Clustering pass rush routes in the NFL
Analysing pass rushs by using a weighted curve clustering apporach.
Resources on the Project
| Resource | Date | Link |
|---|---|---|
| Preprint (last updated: 2025-02-28) | 2025 | Preprint |
| Presentation given at CMstatistics Conference 2023 | 2023-12-17 | Presentation (CMstat) |
| Presentation given at New England Symposium on Statistics in Sports (NESSIS) 2023 | 2023-09-23 | Presentation (NESSIS) |
| Presentation given for representatives of the Cleveland Browns Football Team | 2023-08-22 | Presentation (Browns) |
| Poster presented at the International Workshop on Statistical Modelling 2023 | 2023-07-18 | Poster (IWSM 23) |
| Contribution to proceedings of the International Workshop on Statistical Modelling 2023 | 2023-07-17 | Short Paper (IWSM 23) |
| Talk given at the research seminar (BBS) of the Institute for Statistics and Mathematics at WU Vienna | 2023-07-15 | Presentation (BBS 23) |
Overview
In this project, we present a weighted \(K\)-means approach for clustering weighted curves, i.e. curves which may be assigned weights at each observation of the curve. The methodology is applied to routes of defending players in American football (obtained from NFL big data bowl on Kaggle), where the aim is to automatically detect effective pass-rushing routes from specific players or teams. Each route of a defensive player can be assigned a weight, which at each time point represents the probability of pressuring the quarterback. The weights may be derived by a machine learning model of choice (gradient boosted trees are used in this work). Since pass rush routes vary in length due to the variability in the duration of each play, the weighted route data is first preprocessed using Bézier curves, such that each trajectory is of the same length. Results demonstrate that the methodology used is able to cluster pass-rushing routes effectively and much better than a classical (unweighted) K-means approach. The resulting clusters are finally used for various team and player analyses of pass rush plays.
Some further information
The project specifically focuses on pass rush in American football. However, in sports analytics, it is quite common to observe trajectories of players, and, depending on the use case, weights may be derived quite naturally in order to assign importance to the routes. Our methodology is suitable for any kind of such situation. Other use cases imply for example clustering possessions in soccer (see the project player evaluation in football (soccer) for more information on soccer possessions). In fact, clustering possessions in this way results in interesting insights and may even be combined with the player evaluation framework in order to derive even more valuable insight (this, however, is unpublished work in progress so far ). In a finance-related project with a large Austrian banking institution, Kurt and I used a similar methodology to cluster time series data of term structure products in order to enhance the risk management of non-mature deposits in high interest periods (as observed nowadays on the market).

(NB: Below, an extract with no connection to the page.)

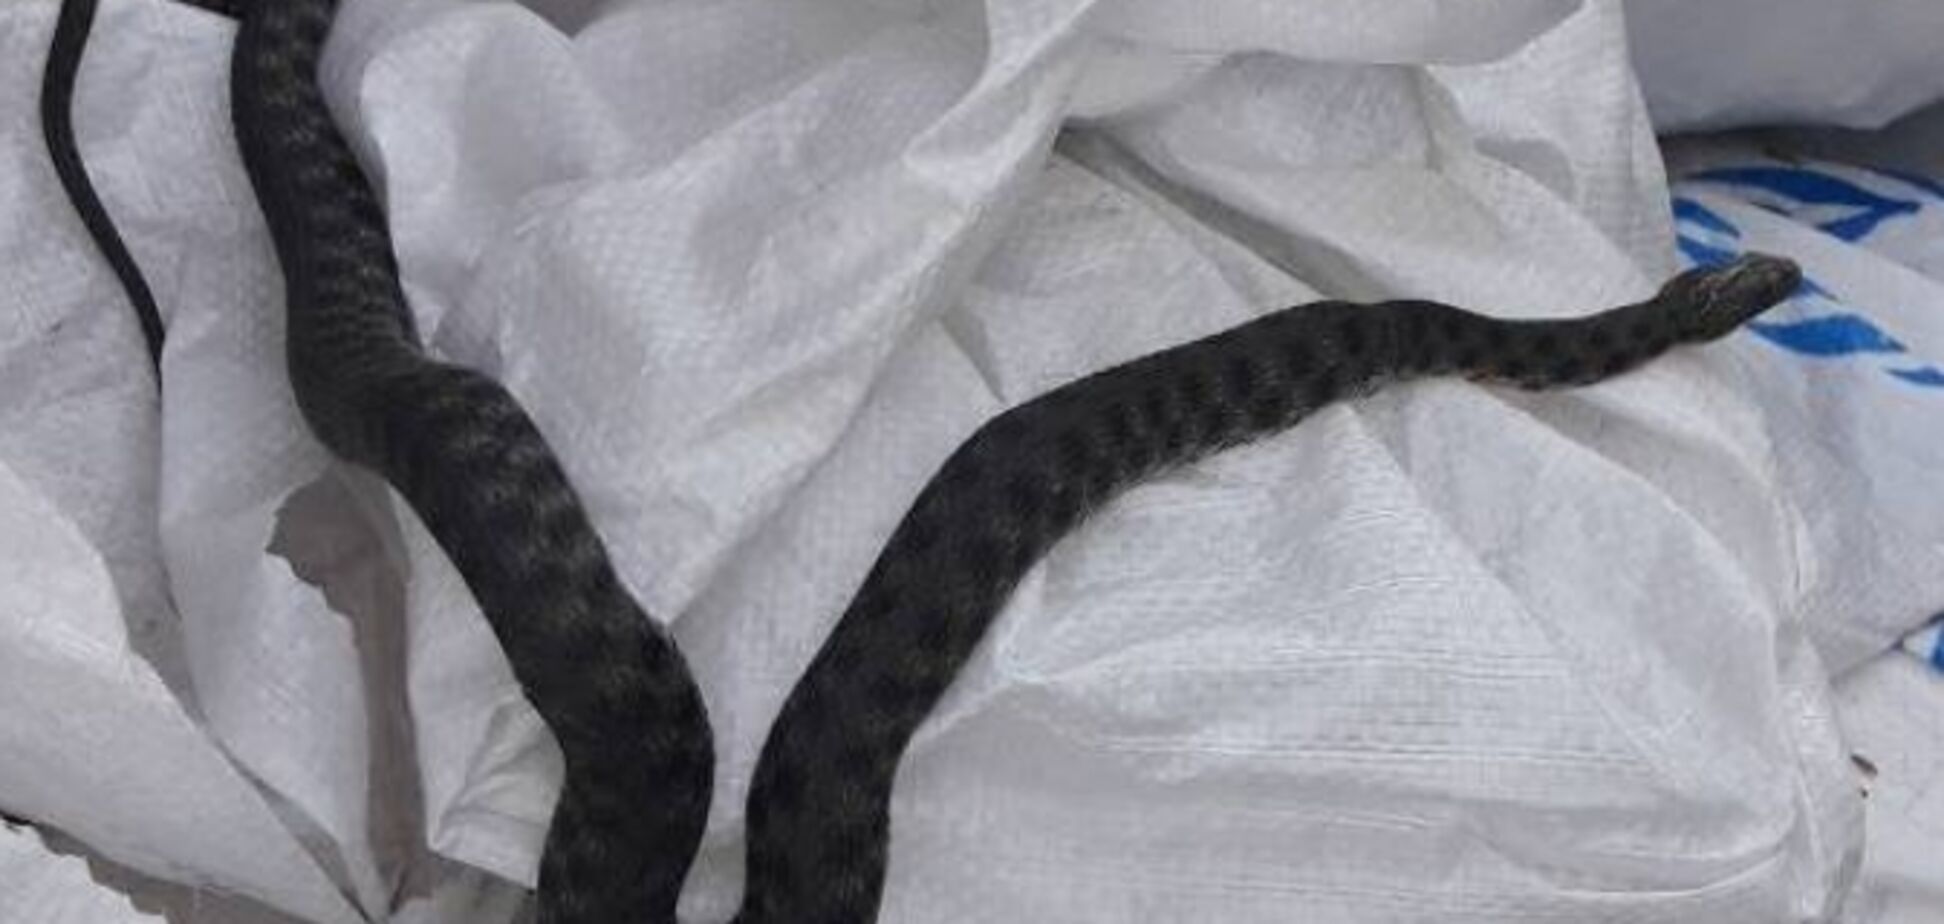 Величезна змія налякала жителів приватного будинку в Херсоні. Фотофакт

More details on the approach can be found especially in the most recent presentations from above resources table. Currently, we are working on wrapping the code for the weighted \(K\)-means with all its computational finesses into an R-package, as for us it had already quite some use cases and thus it might be relevant for others as well. Furthermore, we plan on writing a paper about the pass rush application soon (edit: see preprint above).